* [What is required]: In the records that follow, find the line containing "Medline Medline Cut-Away Knee Immobilizer" and the line containing "Grand Prix d'Horlogerie", then transcribe both and every line between them exactly, omitting pictures.

* [Task inputs]:
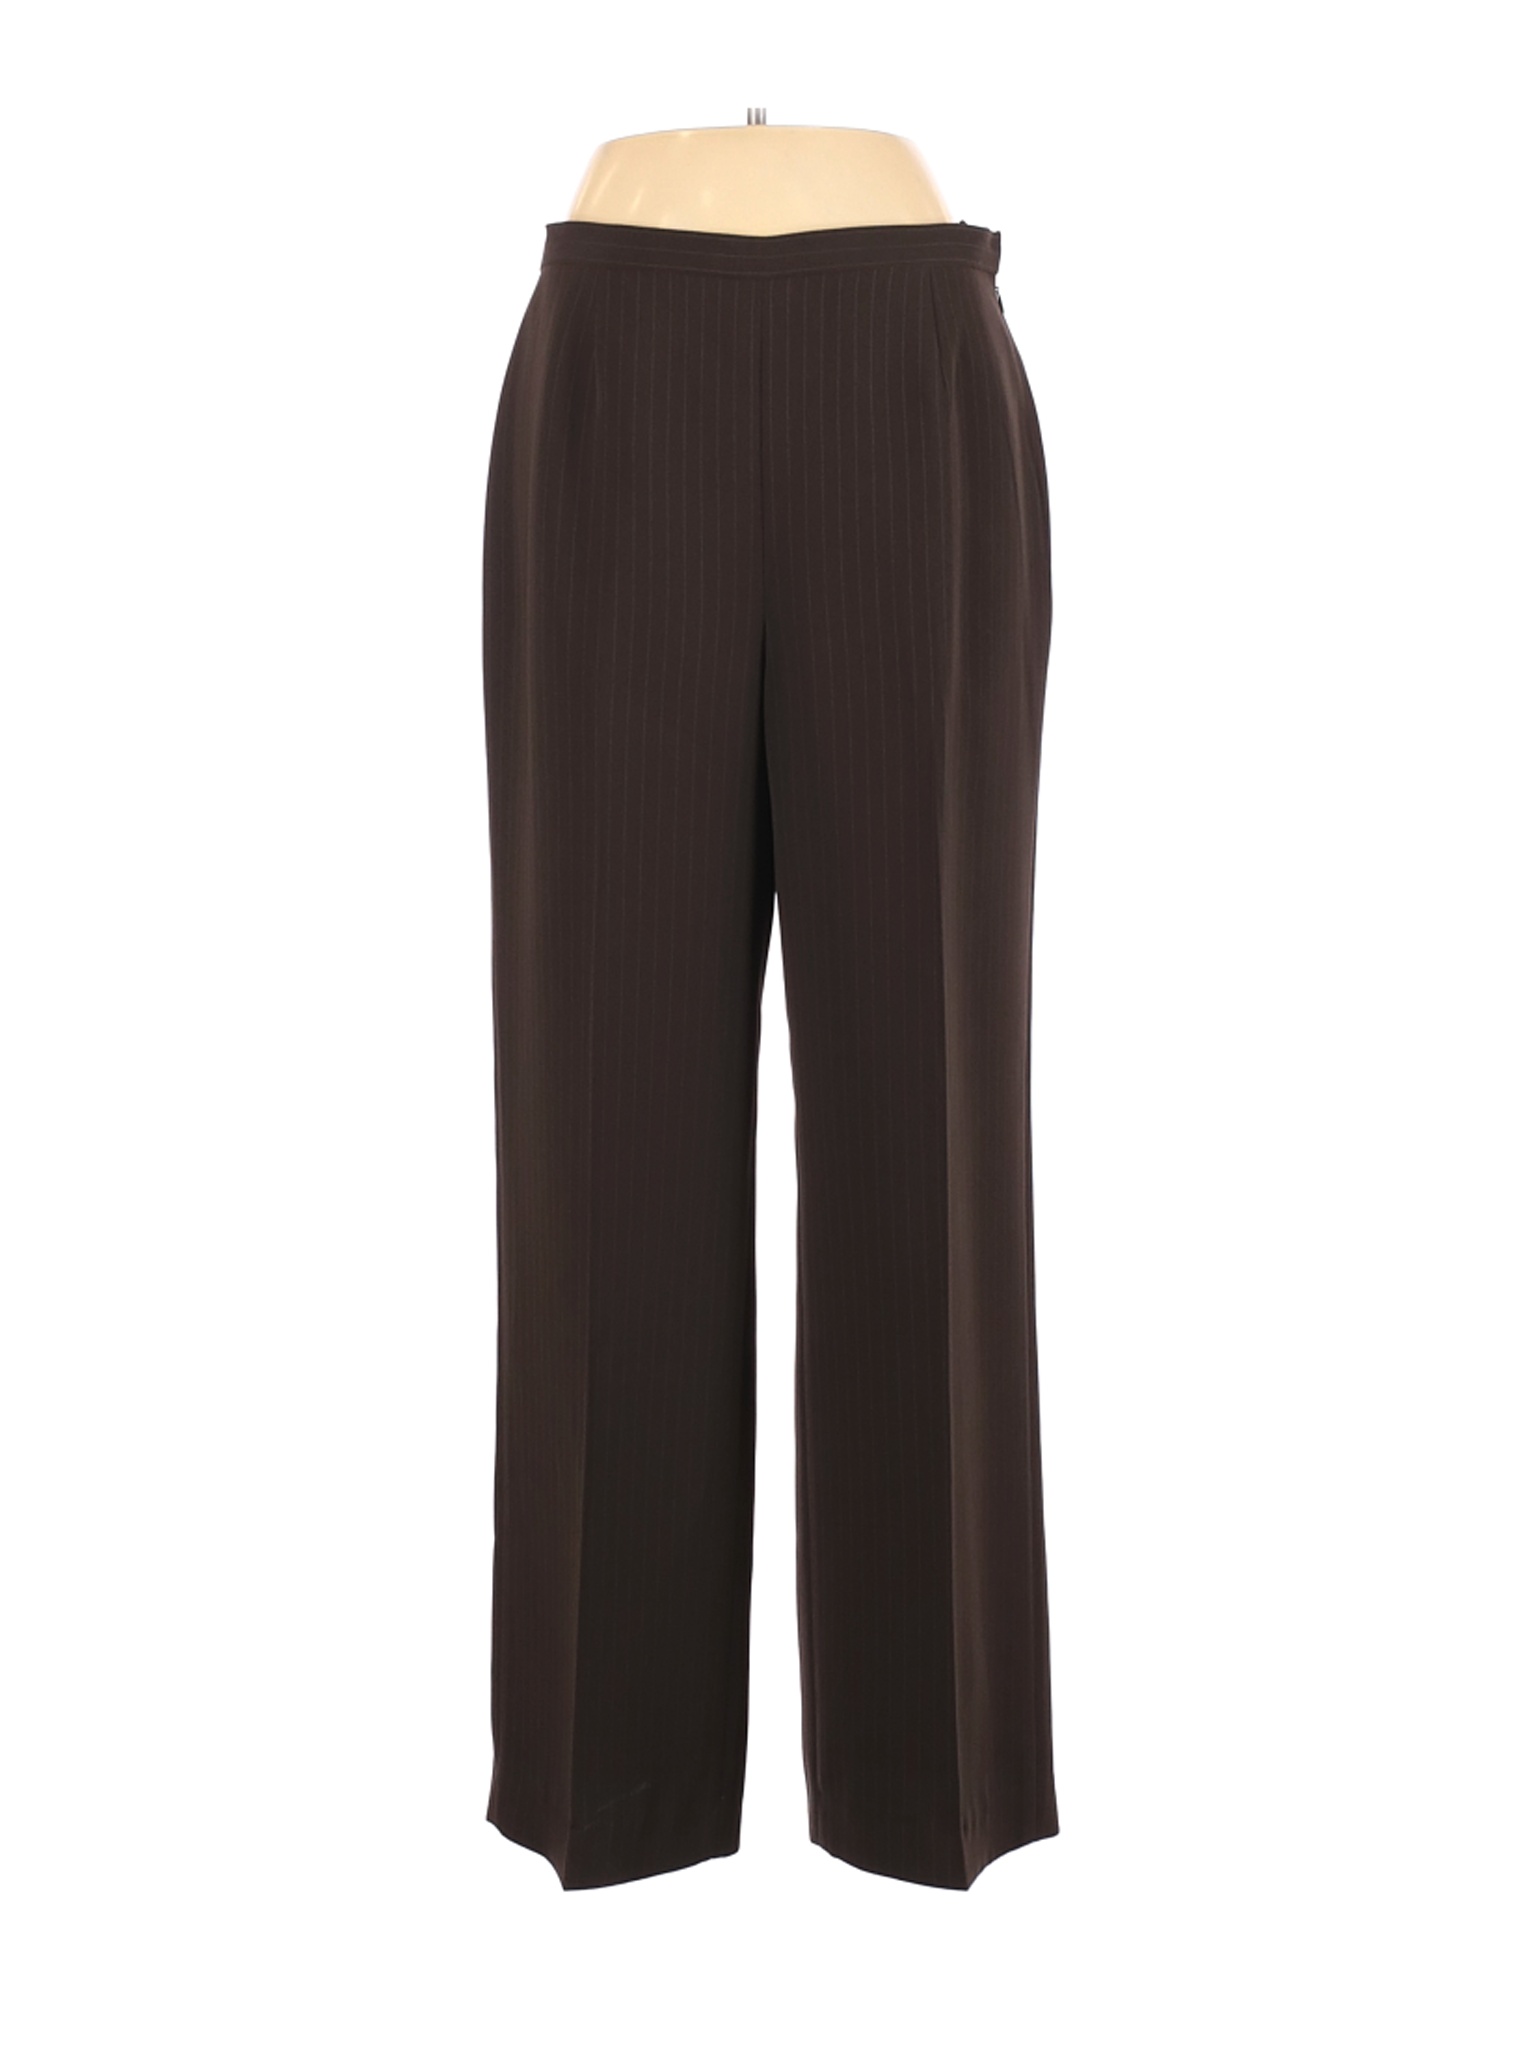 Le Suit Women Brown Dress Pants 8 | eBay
...
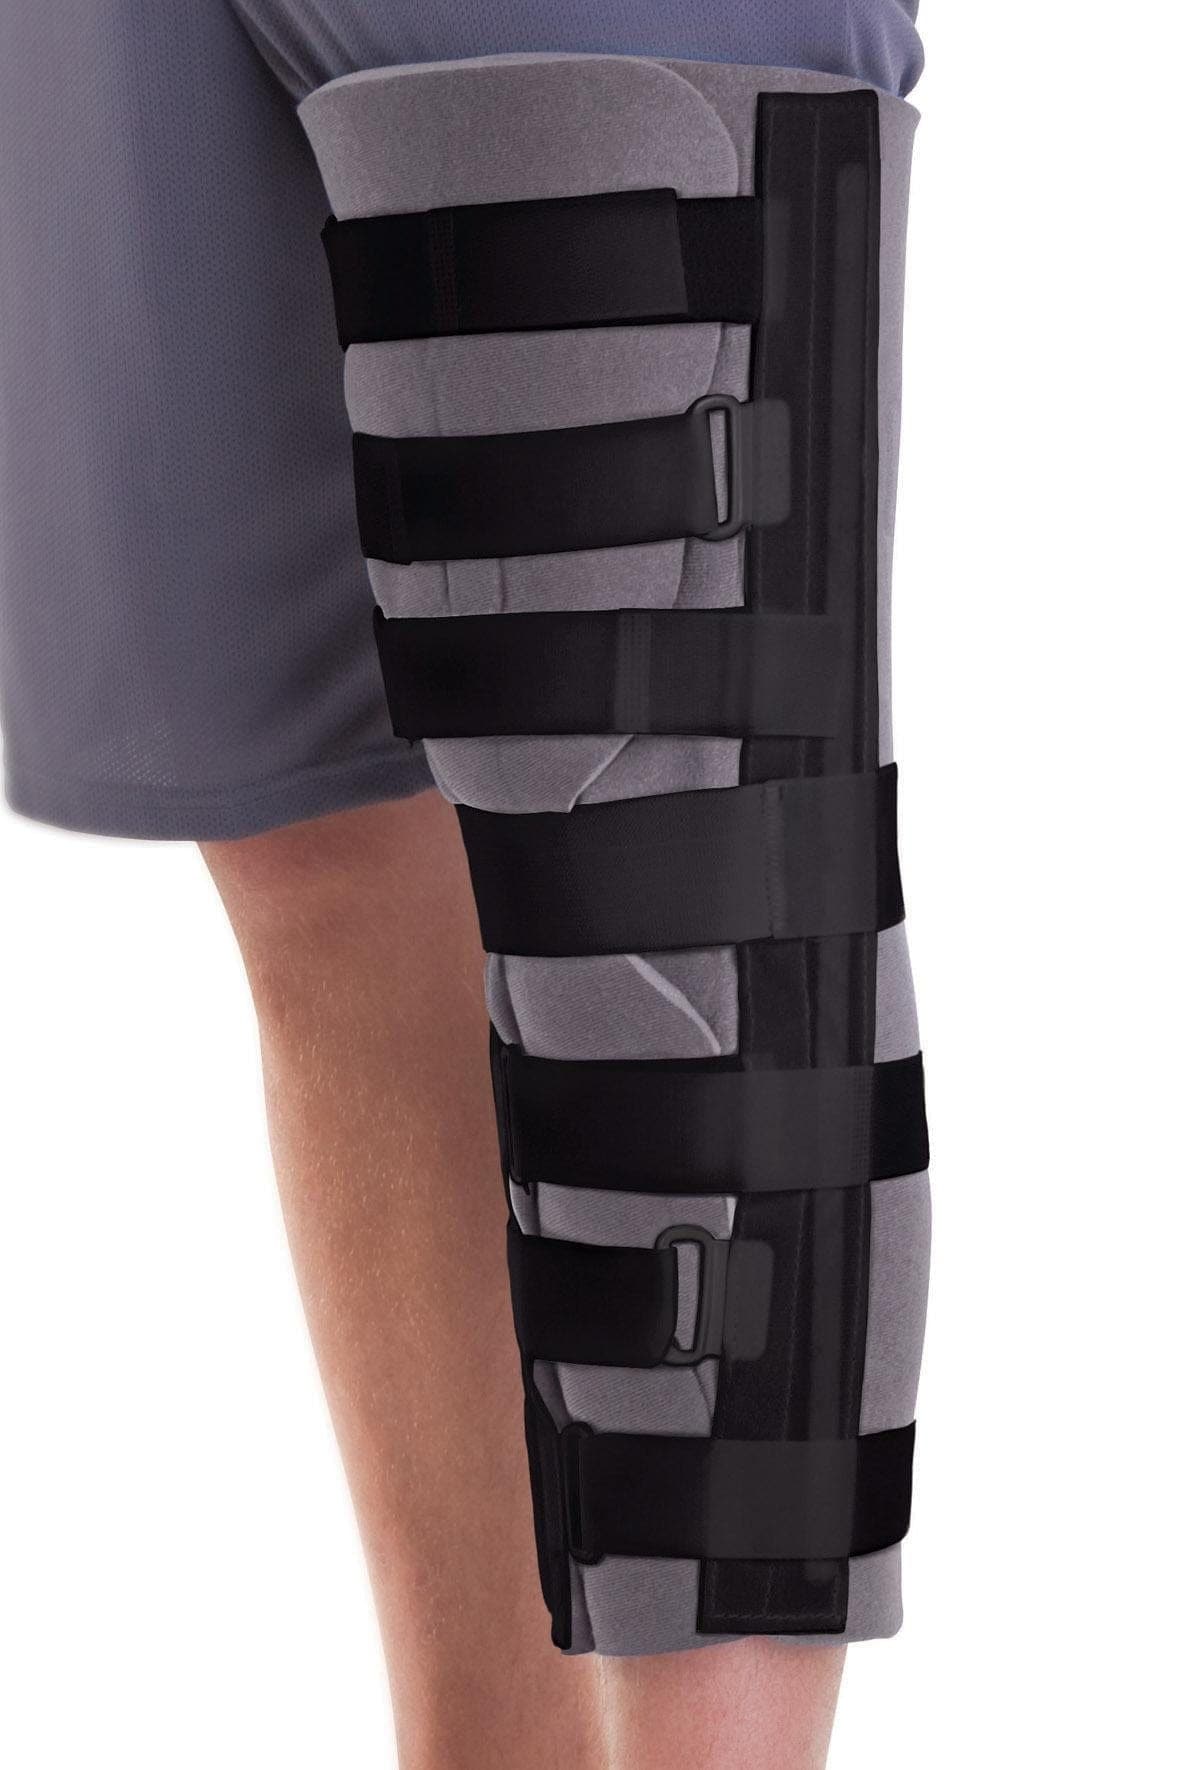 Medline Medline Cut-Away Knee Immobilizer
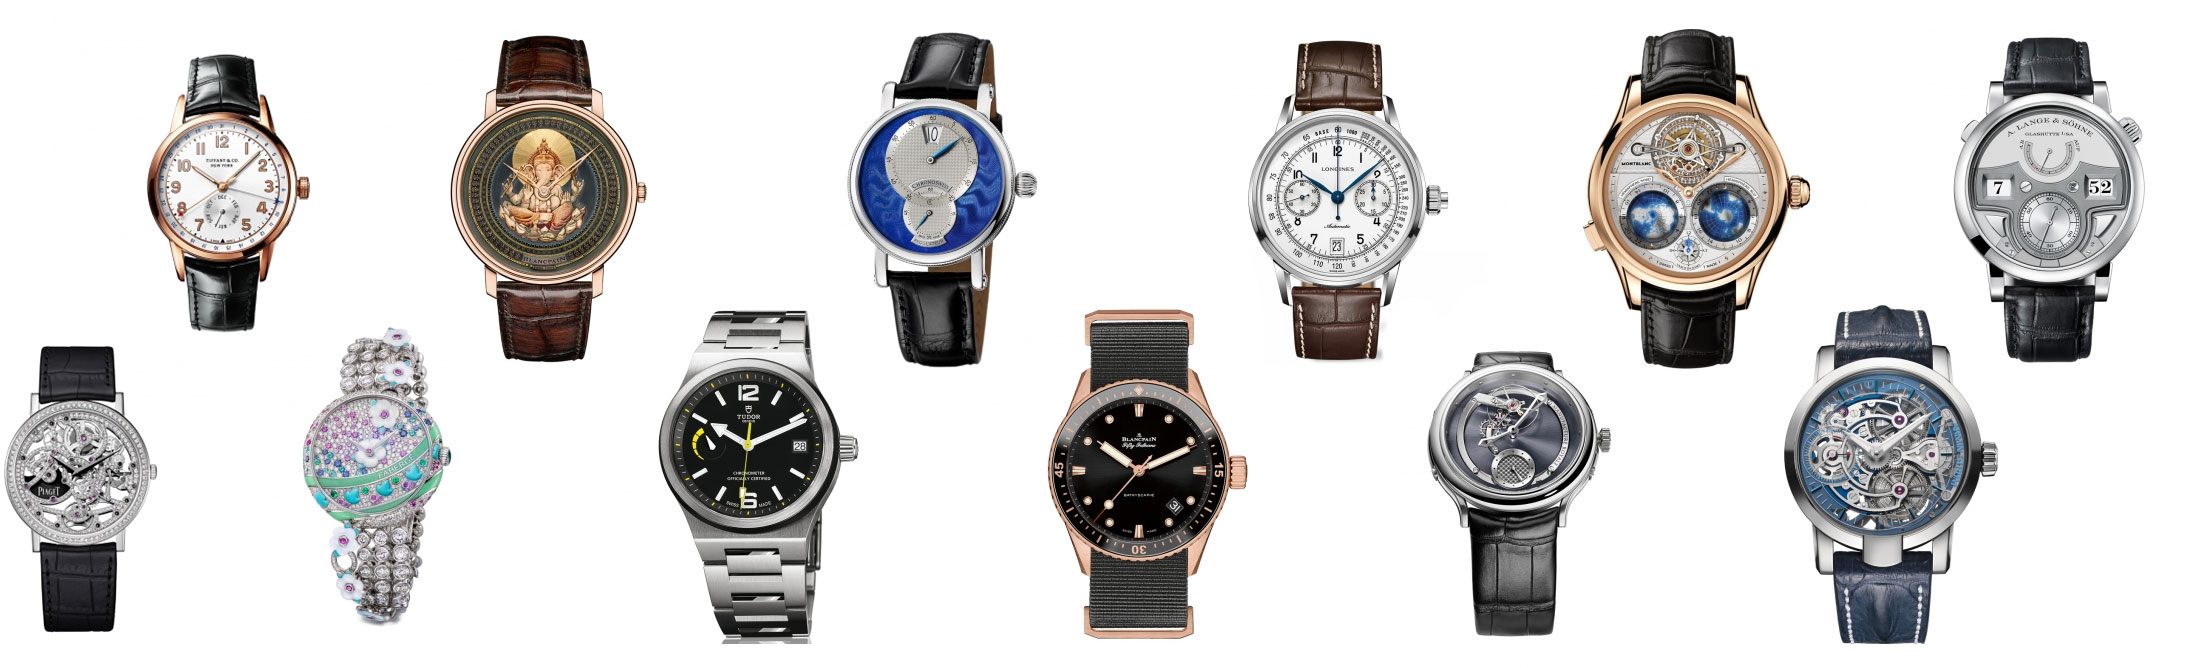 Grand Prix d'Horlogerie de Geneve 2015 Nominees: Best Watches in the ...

* [Response area]:
 Medline Medline Cut-Away Knee Immobilizer
 Grand Prix d'Horlogerie de Geneve 2015 Nominees: Best Watches in the ...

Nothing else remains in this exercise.